Pero, ahora también, sintió la necesidad de hacer una pausa y, por decirlo así, de abandonar un instante su papel a la manera de un actor completamente seguro de dominar a su público, deseoso de probarse a sí mismo y de probarle que le domina. Se inclinó, pues, hacia Lilian y, en voz muy alta, como para hacer resaltar el carácter confidencial de lo que había dicho y de lo que iba a decir:

—Mi querida amiga, ¿no tendrá usted frío de verdad? Tenemos aquí una manta sin utilizar…

Y luego, sin esperar la respuesta, arrinconado en el fondo del auto, junto a Vicente, en voz de nuevo baja:

—Verá usted: quisiera llevarme este verano a su hermano. Sí, se lo digo con toda sencillez, ¿para qué circunloquios entre nosotros?… No tengo el honor de que me conozcan sus padres, que no dejarán, naturalmente, marchar a Oliverio conmigo, como no intervenga usted directamente. Ya encontrará usted manera de disponerlos en favor mío. Supongo que les conocerá usted bien y que sabrá usted cómo atacarlos. ¿Quiere usted hacer eso por mí?

Esperó un instante y luego, como Vicente se callaba, prosiguió:

—Escuche usted, Vicente… Me iré pronto de París… no sé adonde. Necesito imprescindiblemente llevarme un secretario… Ya sabe usted que fundo una revista: he hablado de ello a Oliverio. Creo que tiene las cualidades requeridas… Pero no quiero colocarme solamente desde mi punto de vista egoísta: lo que digo es que todas las cualidades suyas me parecen tener aquí aplicación. Le he ofrecido el puesto de redactor jefe… ¡Redactor jefe de una revista, a su edad!… Reconocerá usted que eso no es lo corriente.

—Es tan poco corriente que temo que mis padres se asusten un poco —dijo Vicente volviendo por fin sus ojos hacia él y mirándole fijamente.

—Sí, debe usted tener razón. Quizá sea preferible no hablarles de eso. Podía usted hacerles resaltar el interés y el provecho de un viaje que le haría yo hacer, ¿no?
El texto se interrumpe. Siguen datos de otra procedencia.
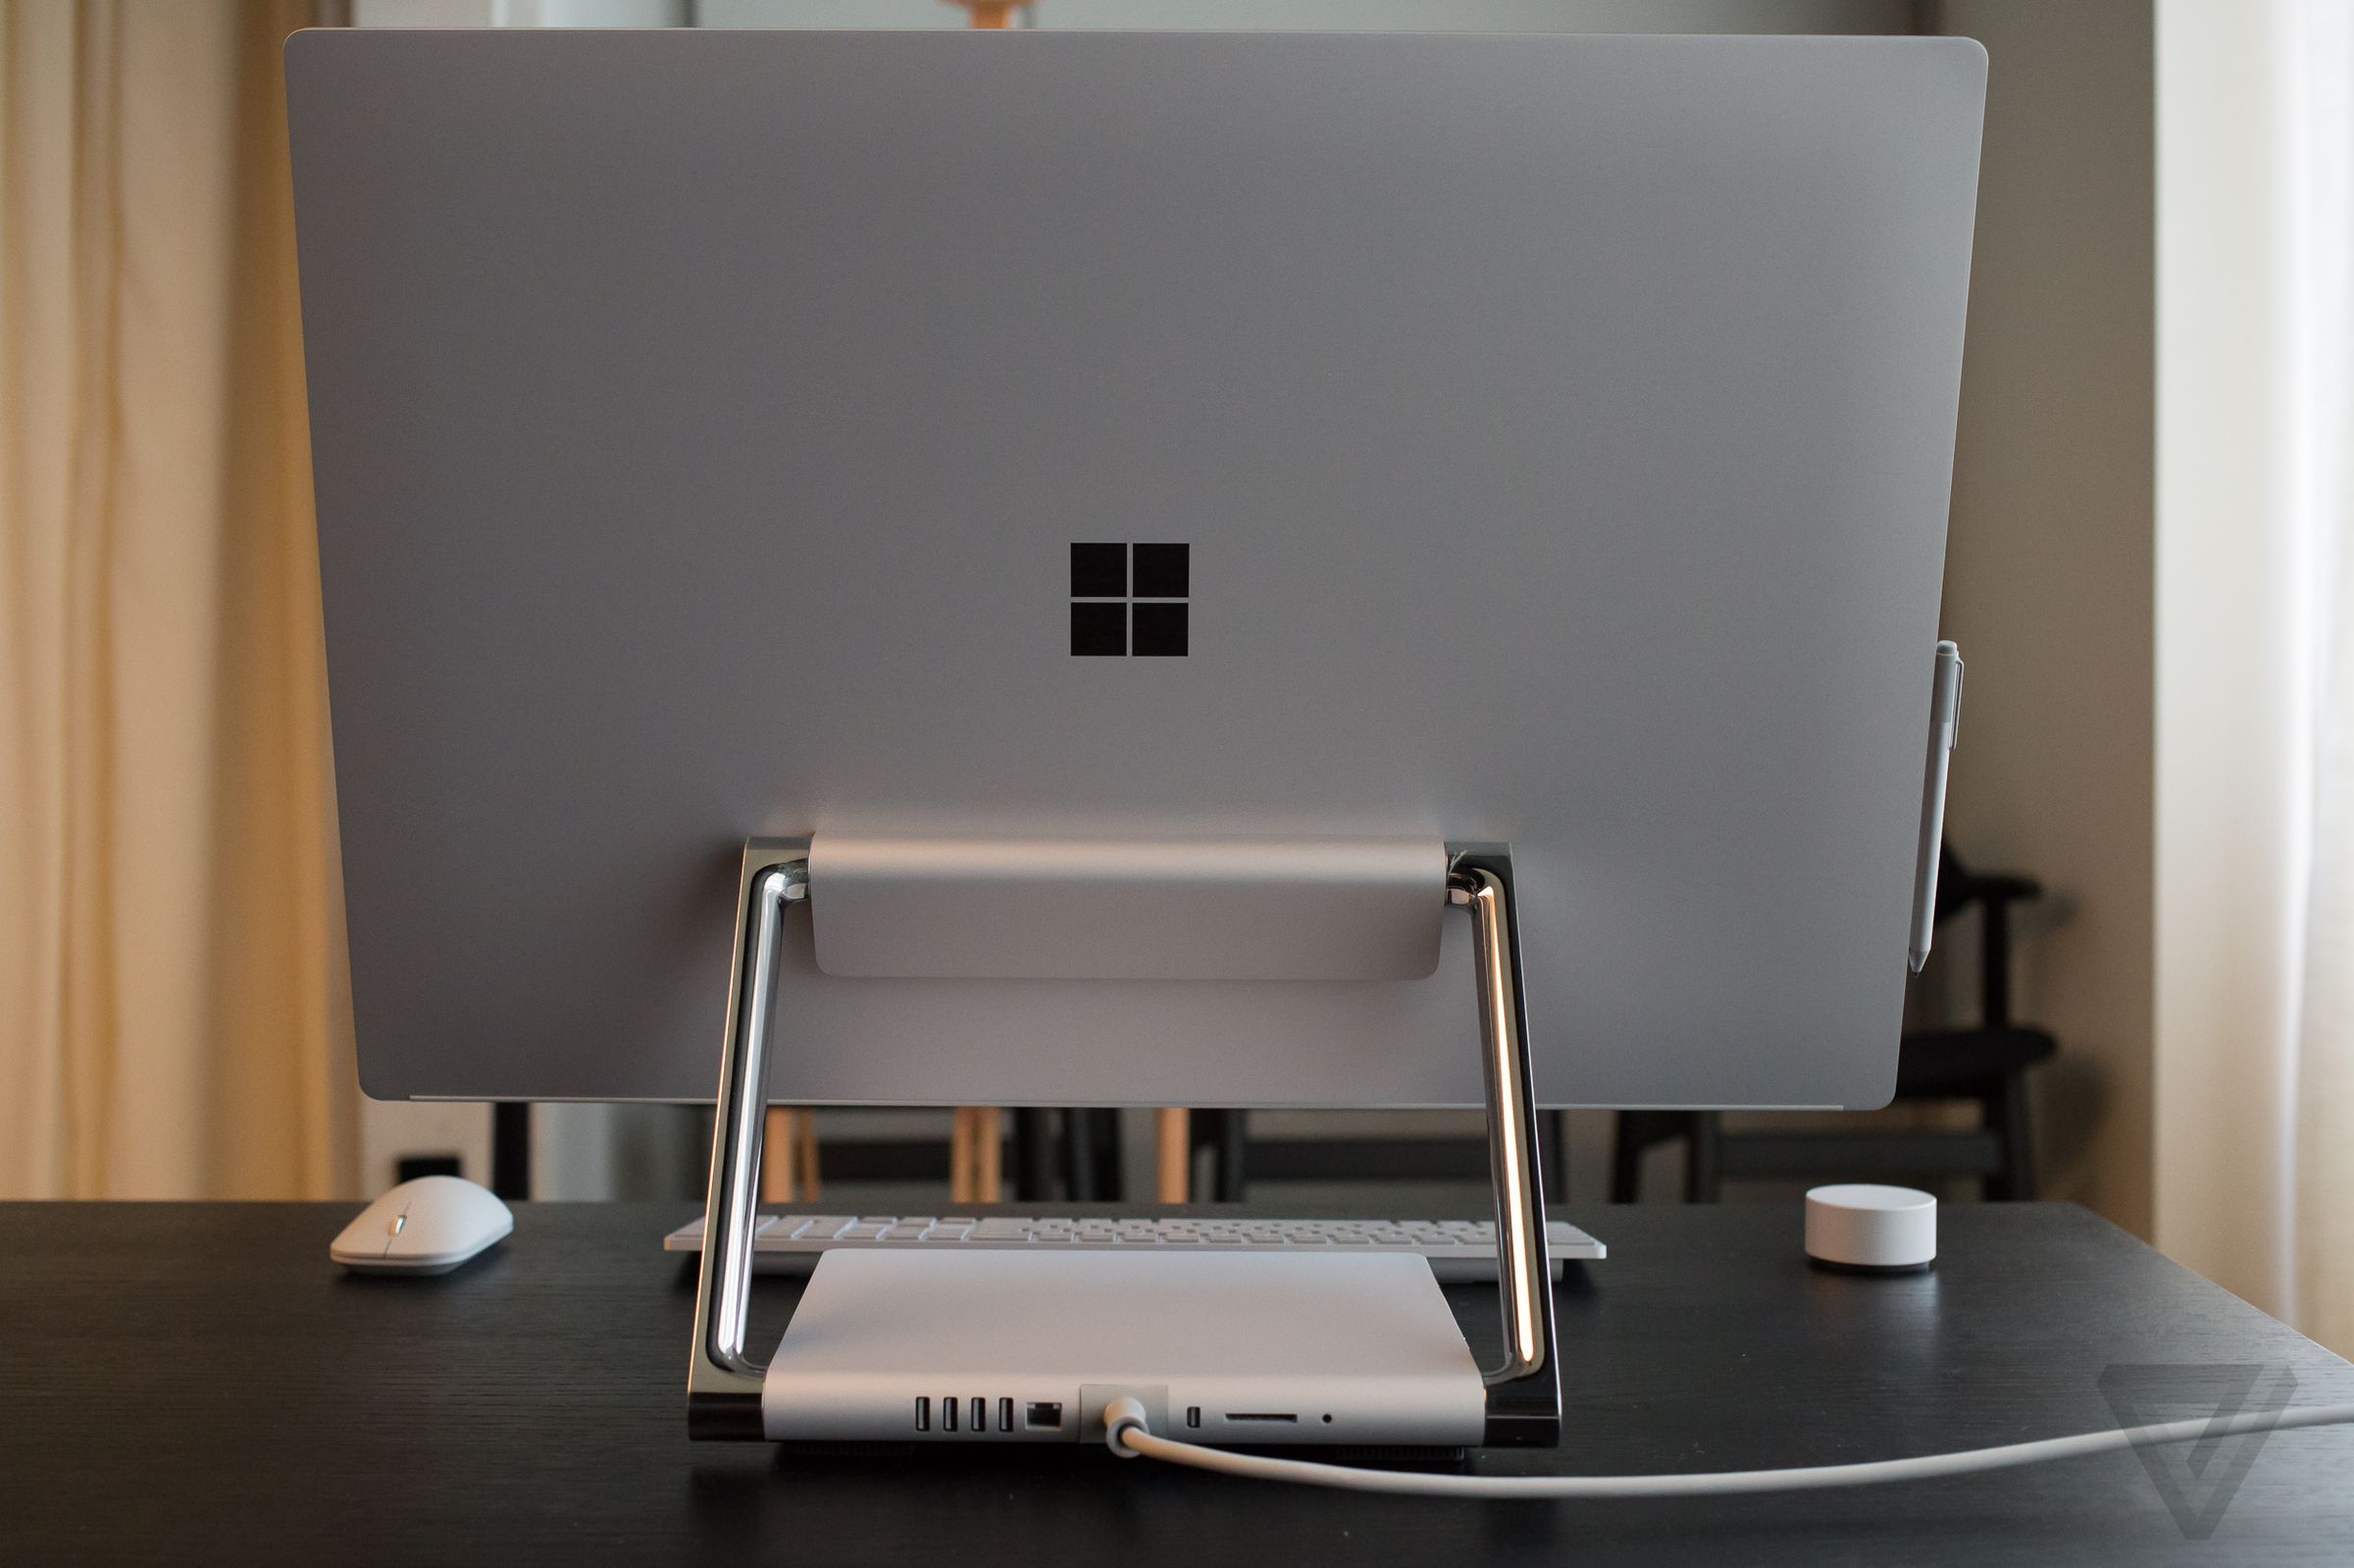 Surface Studio hinge photos

Sus padres tendrán que comprender que, a su edad, necesita uno ver tierra. En fin, usted se arreglará con ellos, ¿verdad?

Tomó aliento, encendió otro cigarrillo y luego continuó sin cambiar de tono:

—Ya que accede usted a ser amable conmigo, voy a intentar hacer algo por usted. Creo que podré hacerle aprovecharse de algunos beneficios que me ofrecen en un negocio absolutamente excepcional… que un amigo mío, de la alta banca, reserva para unos cuantos privilegiados. Pero le ruego que quede esto entre nosotros; ni una palabra a Lilian. De todas maneras, no dispongo más que de un número restringido de acciones; no puedo ofrecerles su adquisición a ella y a usted a la vez… ¿Y sus cincuenta mil francos de anoche?…
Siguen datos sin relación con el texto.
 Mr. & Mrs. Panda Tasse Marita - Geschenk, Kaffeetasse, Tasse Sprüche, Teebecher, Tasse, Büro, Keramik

—He dispuesto ya de ellos —lanzó Vicente un poco secamente, porque recordaba la advertencia de Lilian.

—Está bien, está bien… —replicó en seguida Roberto, como si se ofendiese—. No insisto. Y luego, con un gesto como de decir «no puedo enfadarme con usted»:

—Si cambiase usted acaso de opinión, avíseme en seguida… porque después de mañana, a las cinco, será ya demasiado tarde.

Vicente admiraba al conde de Passavant mucho más desde que no le tomaba ya en serio.